--- PROBLEM REQUIREMENTS ---
Verbatim copy without images: return all of the data as it stands.

--- DATA PROVIDED ---
——
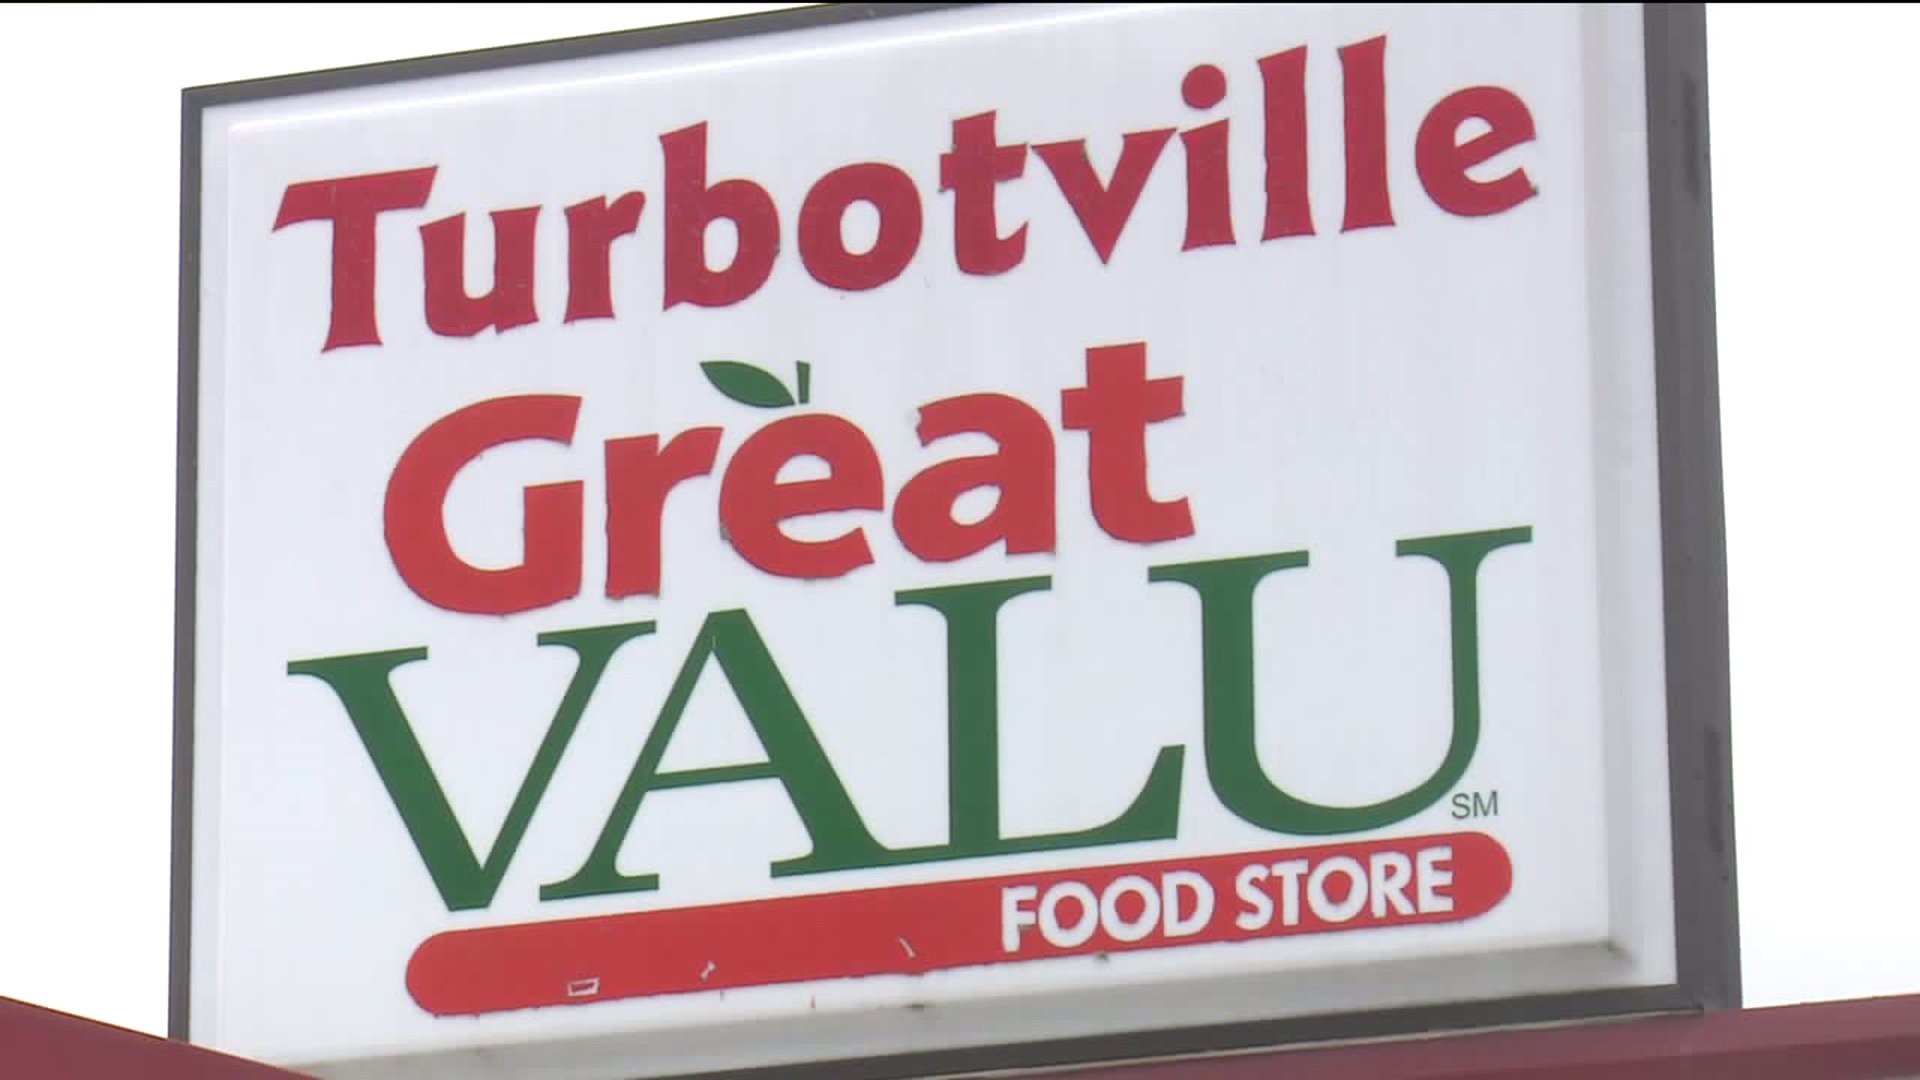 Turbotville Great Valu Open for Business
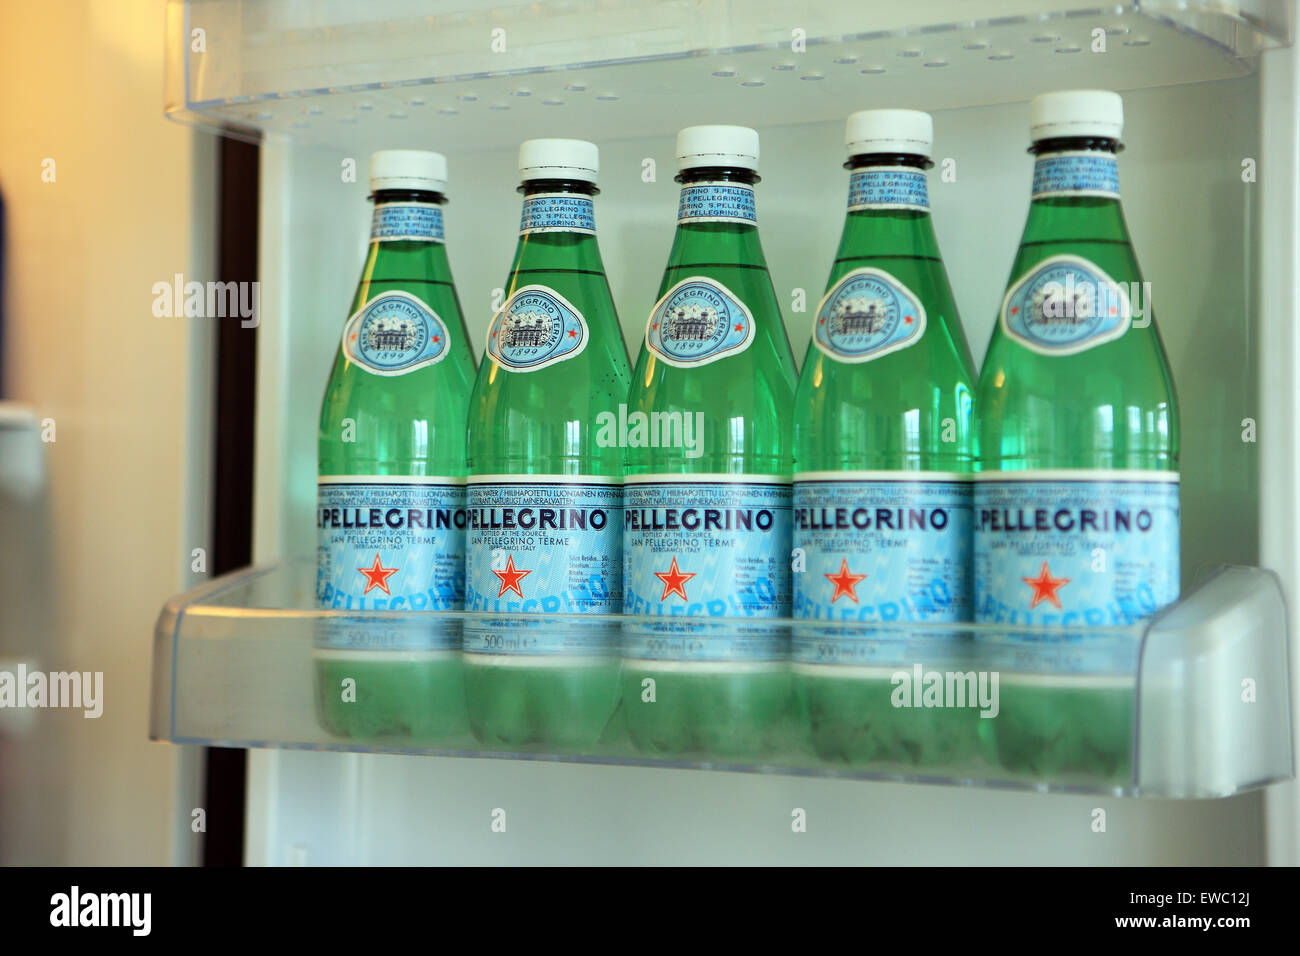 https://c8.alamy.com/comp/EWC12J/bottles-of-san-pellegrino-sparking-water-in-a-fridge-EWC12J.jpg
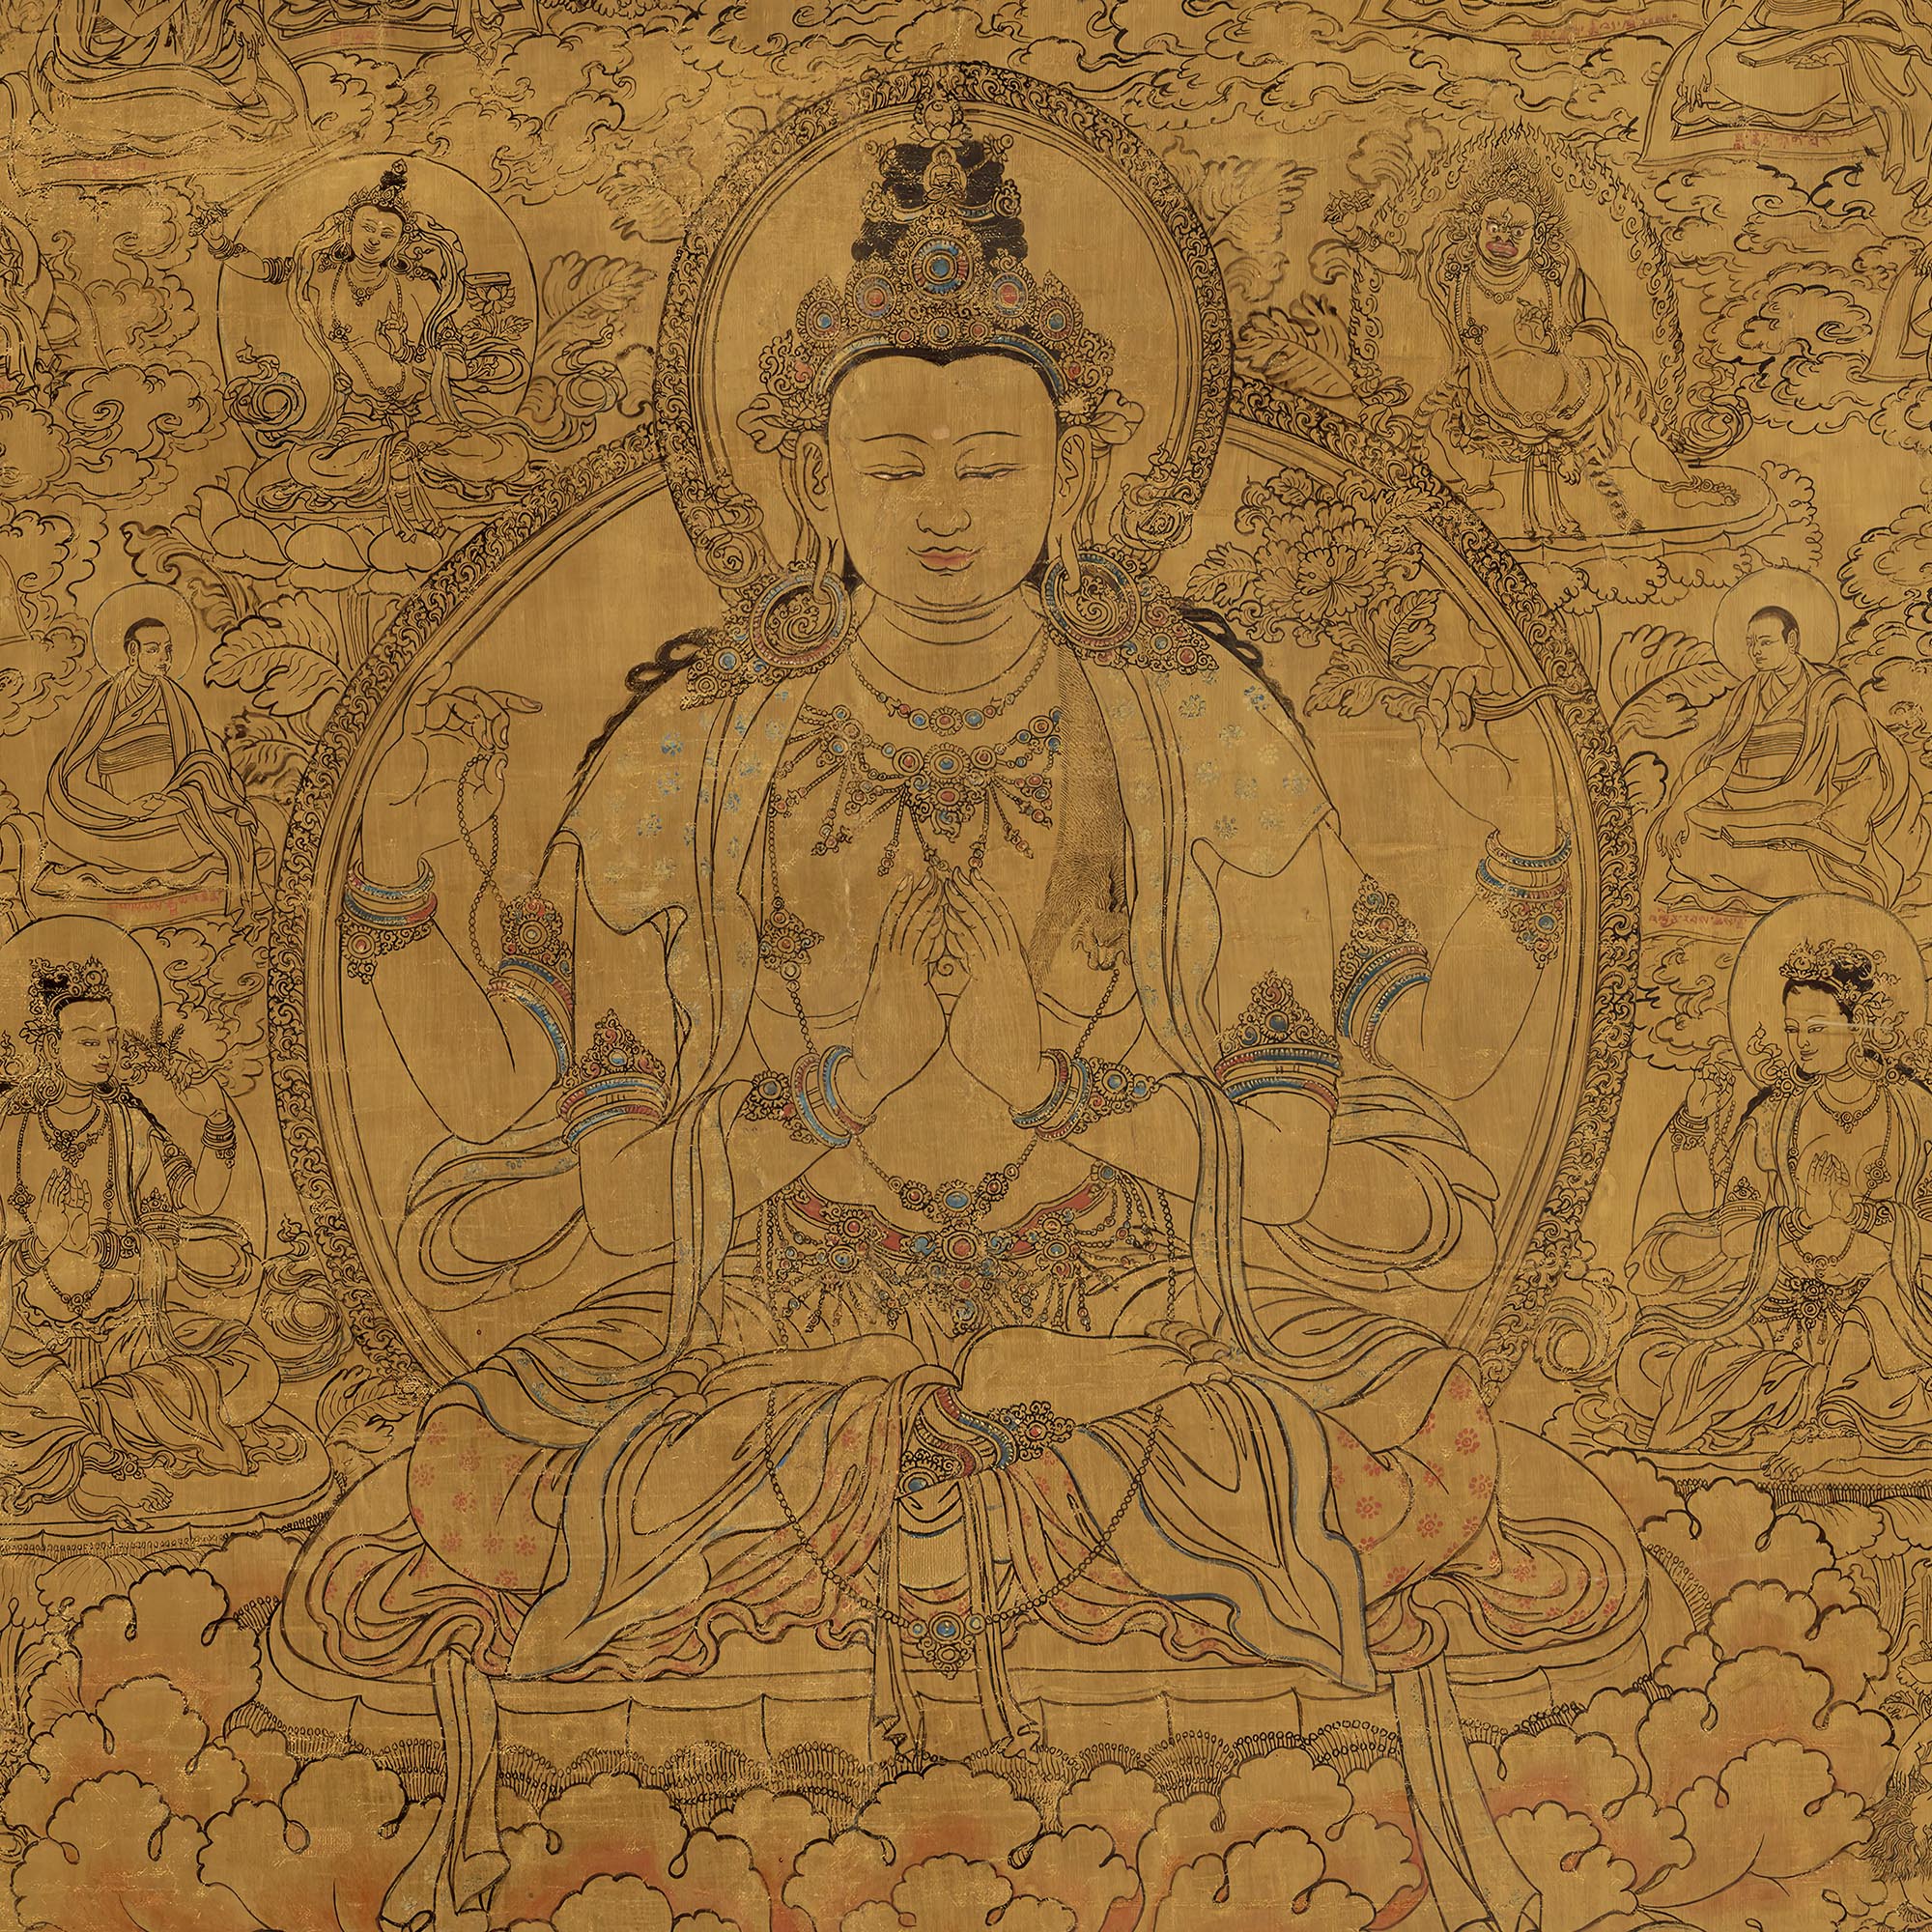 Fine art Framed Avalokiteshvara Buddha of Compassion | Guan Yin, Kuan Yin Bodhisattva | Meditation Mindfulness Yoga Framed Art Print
——
--- PROBLEM SOLUTION ---
 Turbotville Great Valu Open for Business
 https://c8.alamy.com/comp/EWC12J/bottles-of-san-pellegrino-sparking-water-in-a-fridge-EWC12J.jpg
 Fine art Framed Avalokiteshvara Buddha of Compassion | Guan Yin, Kuan Yin Bodhisattva | Meditation Mindfulness Yoga Framed Art Print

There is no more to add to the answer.